Ловишь до обеда, а бывает — и до вечера. Солнце припечёт, землю разогреет, а на зорьке какой аромат поднимается от луговых трав и цветов! Хоть воздух нарезай да в котелок с булькающей водой бросай для вкуса…
Но главное на рыбалке — это, конечно, рыба. Место своё надо прикормить заранее, да пораньше встать — иначе займут. Бывали у нас с деревенскими мальчишками лютые сечи за прикормленное место, бывали… Так вот, я больше всего любил удить с удочкой. Забросишь удило и смотри на поплавок (самодельный, из пробки). Коли дёргать начинает, то мелочь подошла. Её бы желательно отогнать. А как? Известно всем рыбакам, что если мелочь пришла, большая рыба клевать не будет. Не хочет она кушать твою наживку: мотыля ли, червяка или опарыша, варёную кукурузу, кашу, хлеб. Надо её менять.
Только не всегда это получается. Червяка накопать ещё можно, опарышей приходится добывать. Можно специально дать загнить каше (если есть лишки, что редкость), выставив её на улице, можно сходить на скотобойню — только туда ведь не пускают. Каша или хлеб в крестьянской семье — это основной рацион, ими особо не разживёшься.
И всё-таки ведь находили, добывали наживку! И раз за разом забрасывали самодельную снасть в воду. А там как пойдёт.
Начинает дёргать, раз за разом быстро поплавок вниз ныряет, подсечёшь — а нет ничего! Это маленькая рыба пришла. Тут нужно выждать момент, пока поплавок хорошо так не потянет в сторону. Вот тогда уж ворон не считай, подсекай!
Ну а большая ведёт себя иначе: был поплавок — и нет его, скрылся под водой. Дёрнул — чувствуешь, тяжесть — есть! Только вот вывести большую рыбу — это ещё уметь надо. Аккуратно подтягивать за леску к себе, саму удочку не сгибая, — иначе сломаешь.

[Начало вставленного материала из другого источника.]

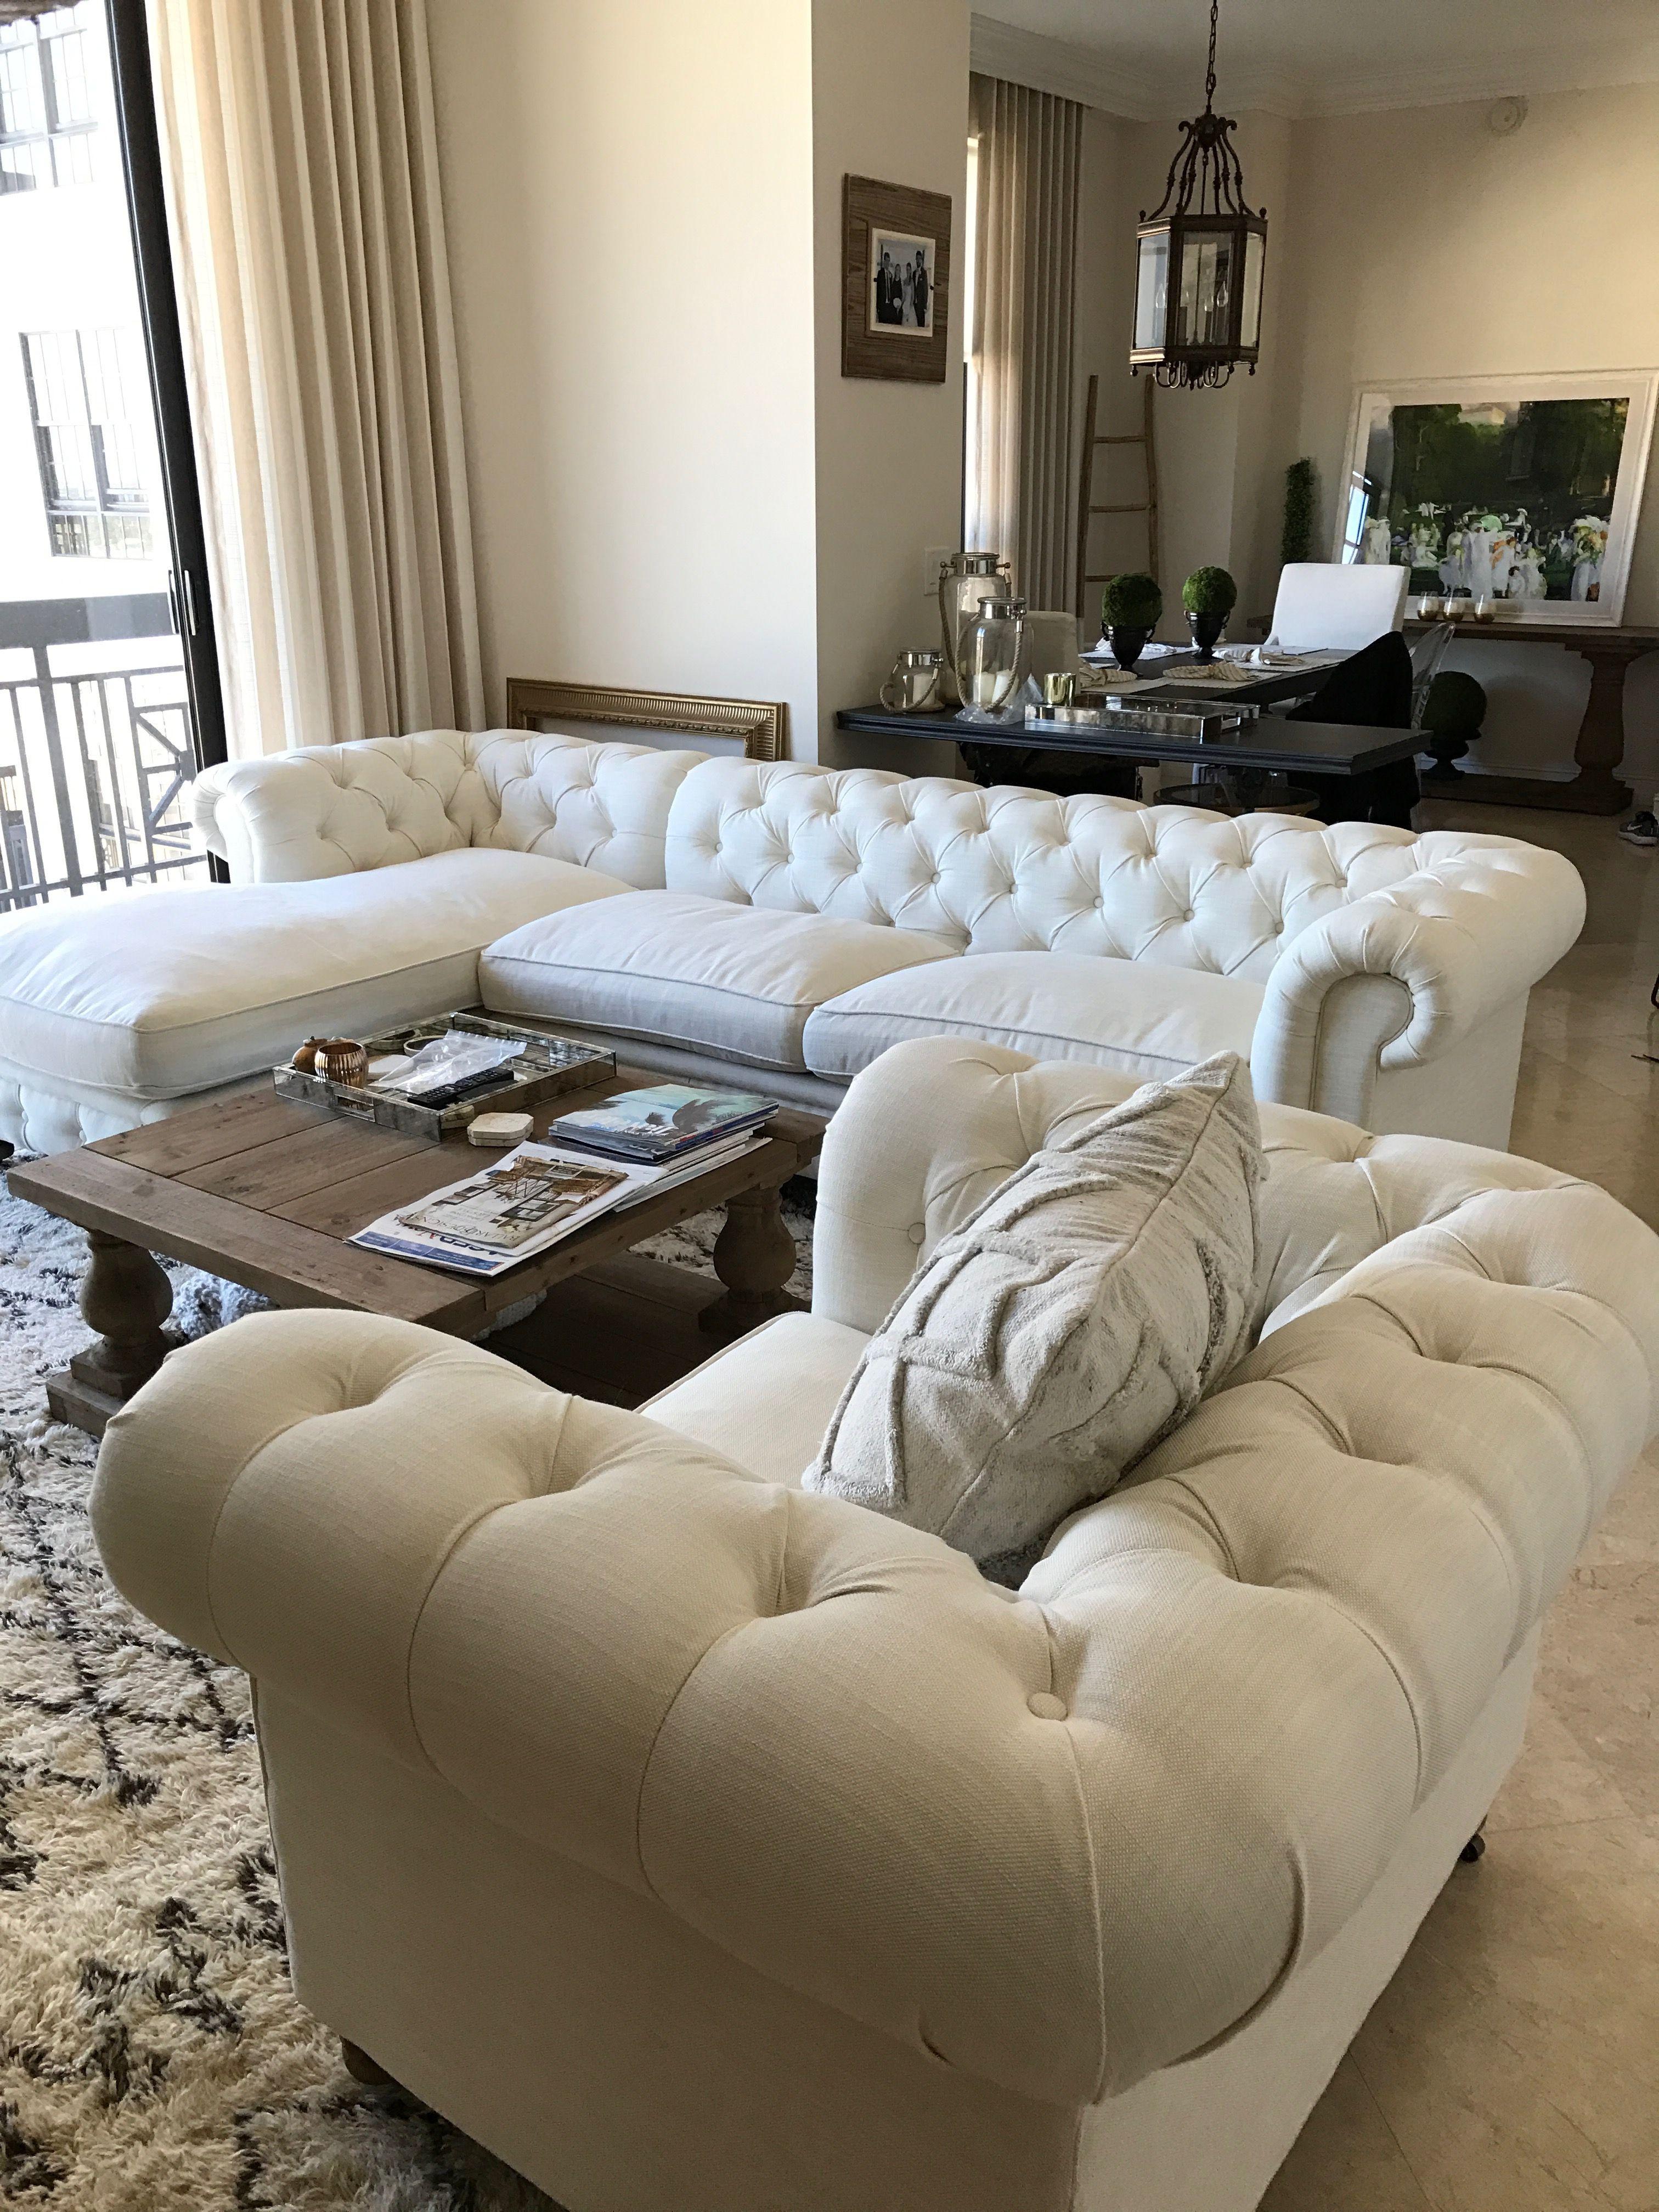 Restoration Hardware Kensington Sofa And Chair Paint Color Divine White Sherwin Williams Beige Sofa Living Room Beige Living Rooms Beige And White Living Room #paint #my #living #room

И только у берега рыбу в подсад ловить.
Ну, на удочки мы в основном на пруду ловили. Сеть на реке обычно ставят, против течения, и тут одному не управиться. Вот, бывало…
— Ну что, мужики, вода вскипела. Давай трофеи делить.
Давно пора! Слюна от воспоминаний во рту такая стоит, что захлебнуться можно! Ужин, конечно, был плотным — готовили на весь личный состав, а четверть бойцов выбыло, как пить дать. Ну, может, чуть меньше. Так что добавку предлагали всем, хотя многие поначалу отказались. Я и на свою-то порцию смотреть не желал, кусок горло не лез. Спасибо командиру, наорал, заставил жрать, чтобы силы были. А после первой ложки такой жор пошёл, что, и две порции съев, ещё есть хочу.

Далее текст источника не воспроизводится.